RECORD SET
--------
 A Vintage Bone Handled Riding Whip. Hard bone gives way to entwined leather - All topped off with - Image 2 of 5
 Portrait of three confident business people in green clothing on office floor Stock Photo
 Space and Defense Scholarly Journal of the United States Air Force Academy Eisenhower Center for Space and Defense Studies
--------
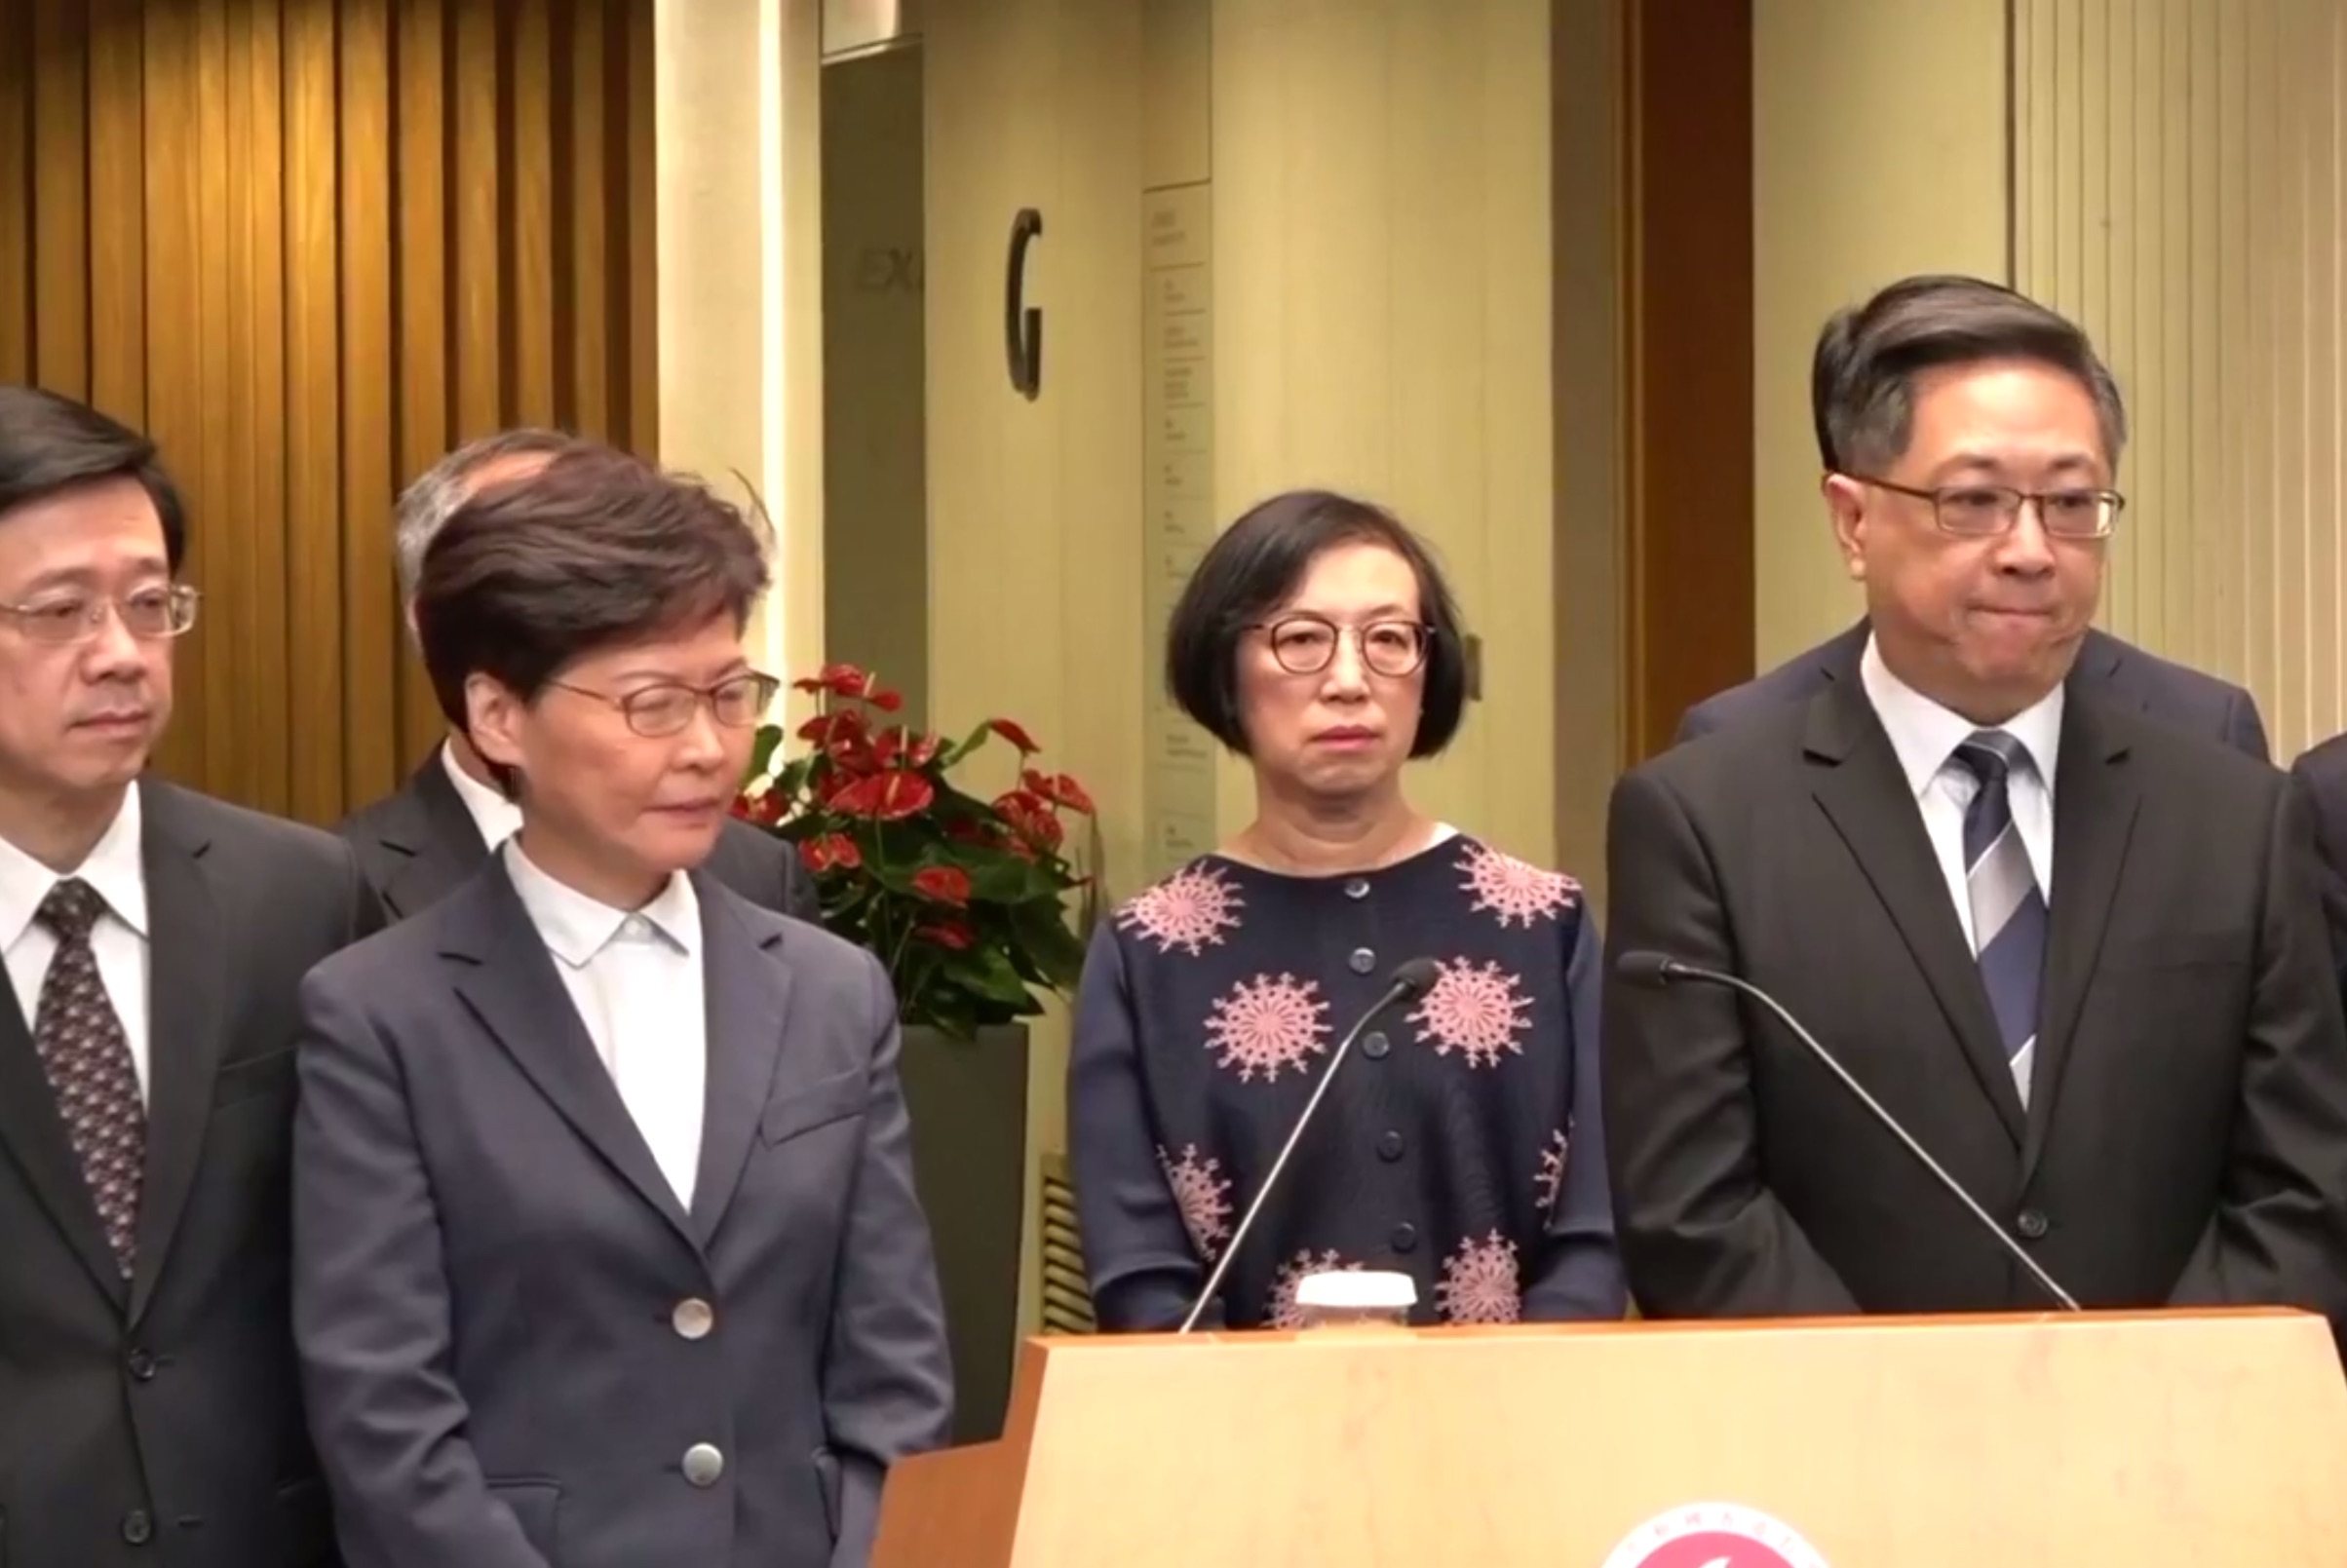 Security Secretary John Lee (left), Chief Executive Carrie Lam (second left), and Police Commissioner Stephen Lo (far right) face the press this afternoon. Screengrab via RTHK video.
--------
WHAT IS EXPECTED
Look through the entries above and quote exactly the lines from the line with "A Vintage Bone" to the line with "Space and Defense Scholarly", counting both of those lines.

RESPONSE TO THIS EXERCISE
 A Vintage Bone Handled Riding Whip. Hard bone gives way to entwined leather - All topped off with - Image 2 of 5
 Portrait of three confident business people in green clothing on office floor Stock Photo
 Space and Defense Scholarly Journal of the United States Air Force Academy Eisenhower Center for Space and Defense Studies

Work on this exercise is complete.